Related registers : Segment
Index
Stack

thanks for your help

There are numerous types of memory.

There is external memory (stuff stored elsewhere like on disk or over a network or the like). Everything else I'll say here relates to internal memory: memory your computer has direct access to.

There is RAM -- Random Access Memory, which is accessed via an address. RAM is typically designed to be pretty quick to access so that programs will run quickly. However, there is still a significant performance hit to accessing it, because it is accessed through the computers data bus (the memory is stored on one or more chips that attach to your motherboard).

To help speed things along, there is a special kind of memory called the Register File, which is basically a certain number of memory locations that are directly accessible by the CPU (they are part of the same chip as the CPU). Accessing them is lightning fast and suggests their use for certain operations, like additions and comparisons.

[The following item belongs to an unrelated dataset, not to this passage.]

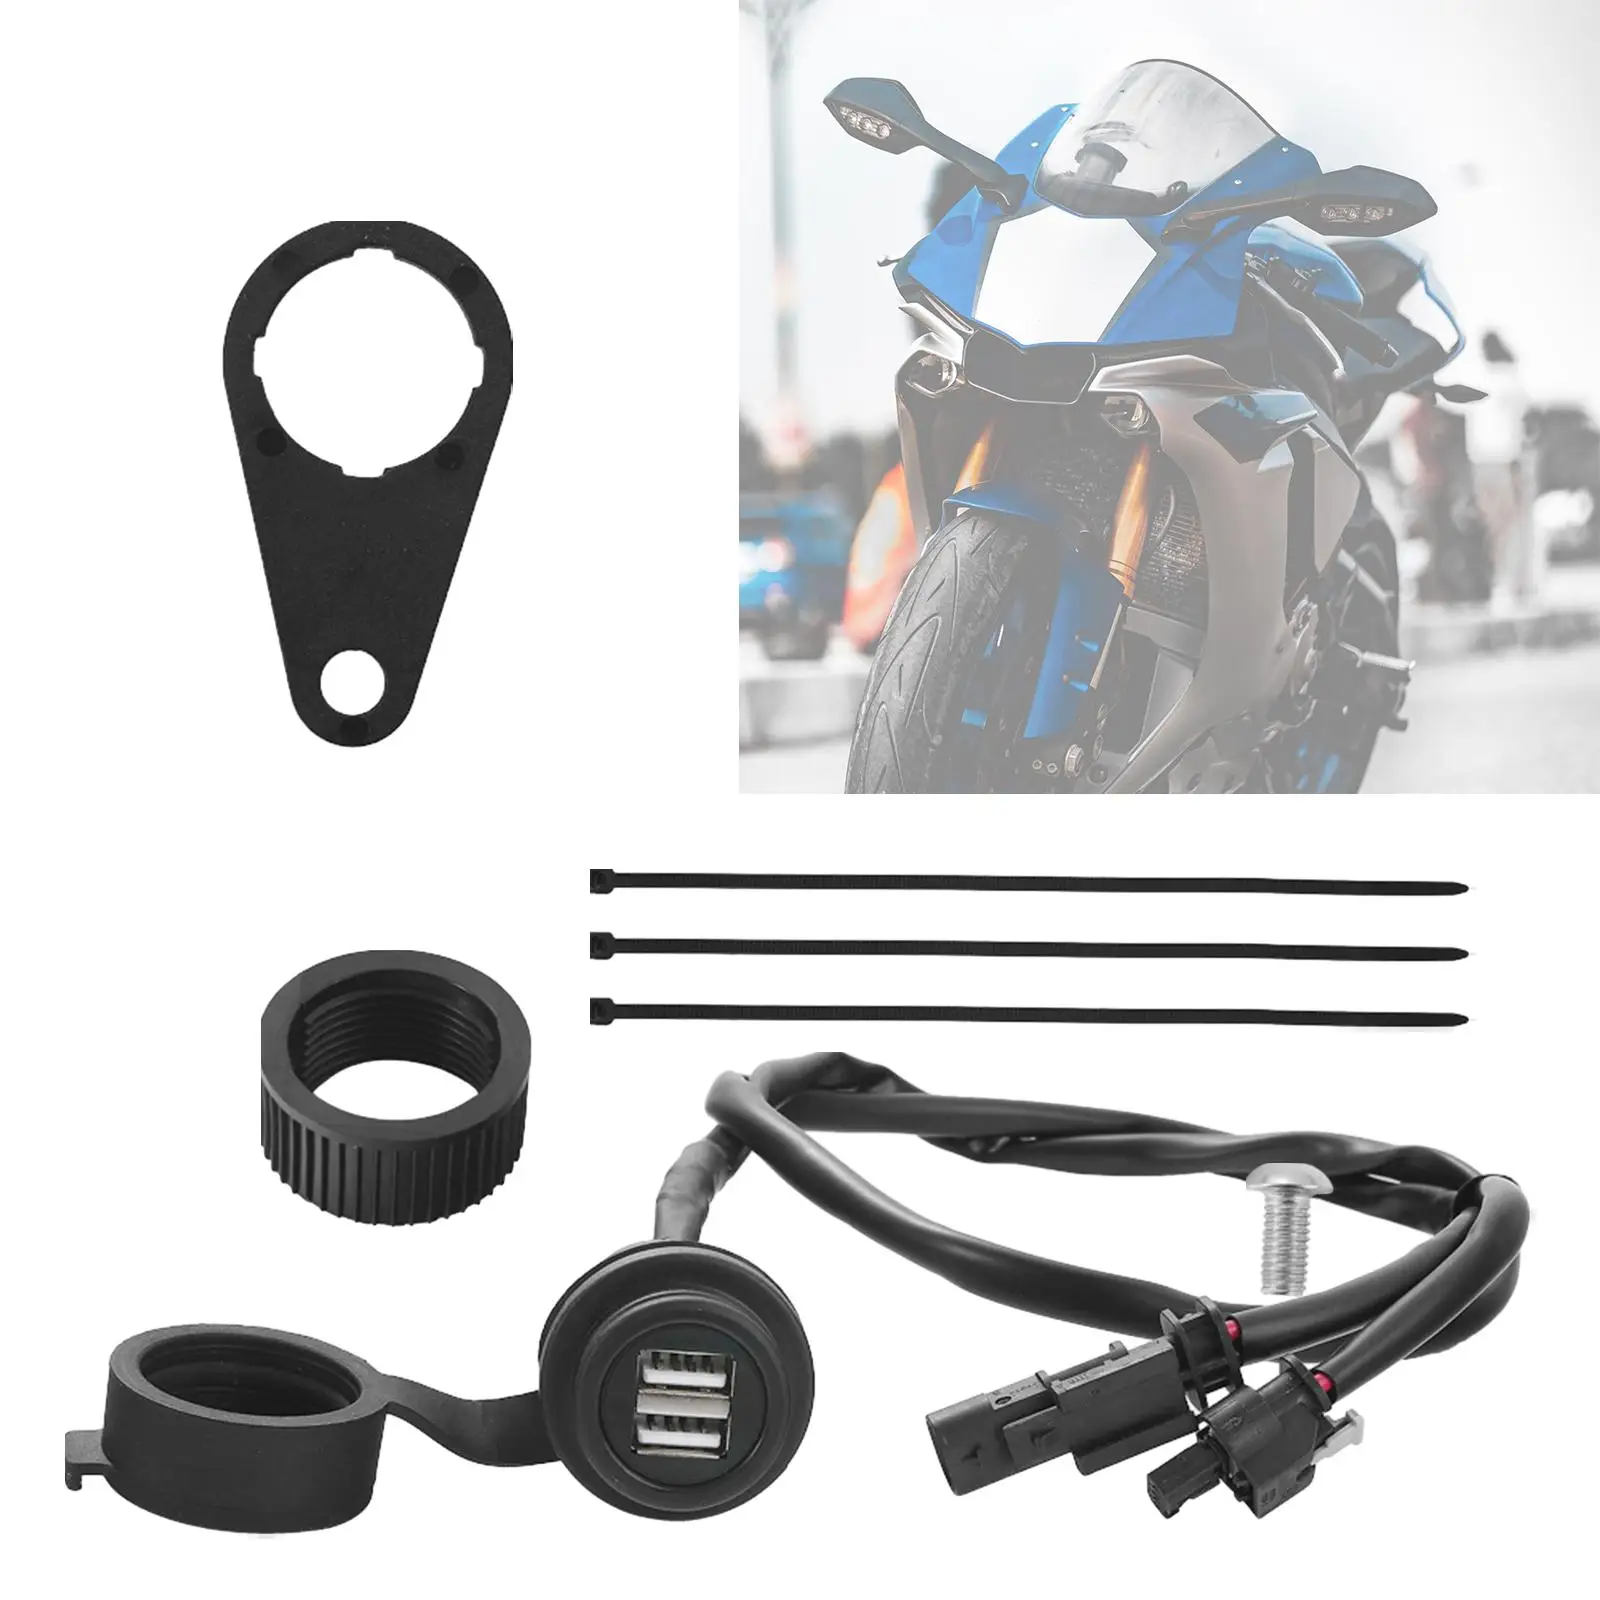 Motorcycle USB Charger Plug Base Plug and Play Dustproof Easy to Mount USB Adapter for BMW R1250GS R1200GS F700GS Supplies

Individual "registers" often have special functionalities attached to them. For example, on MIPS systems register 0 ($0) always has the value 0 (zero). You can assign to it but its value never changes. This is very handy because zero is such a useful number when computing.

Another example is on Intel 80x86 processors. The [E]CX register is hardwired for counting through loops. Its special integration into the hardware for such tasks make it very efficient and fast for looping/repetitive operations.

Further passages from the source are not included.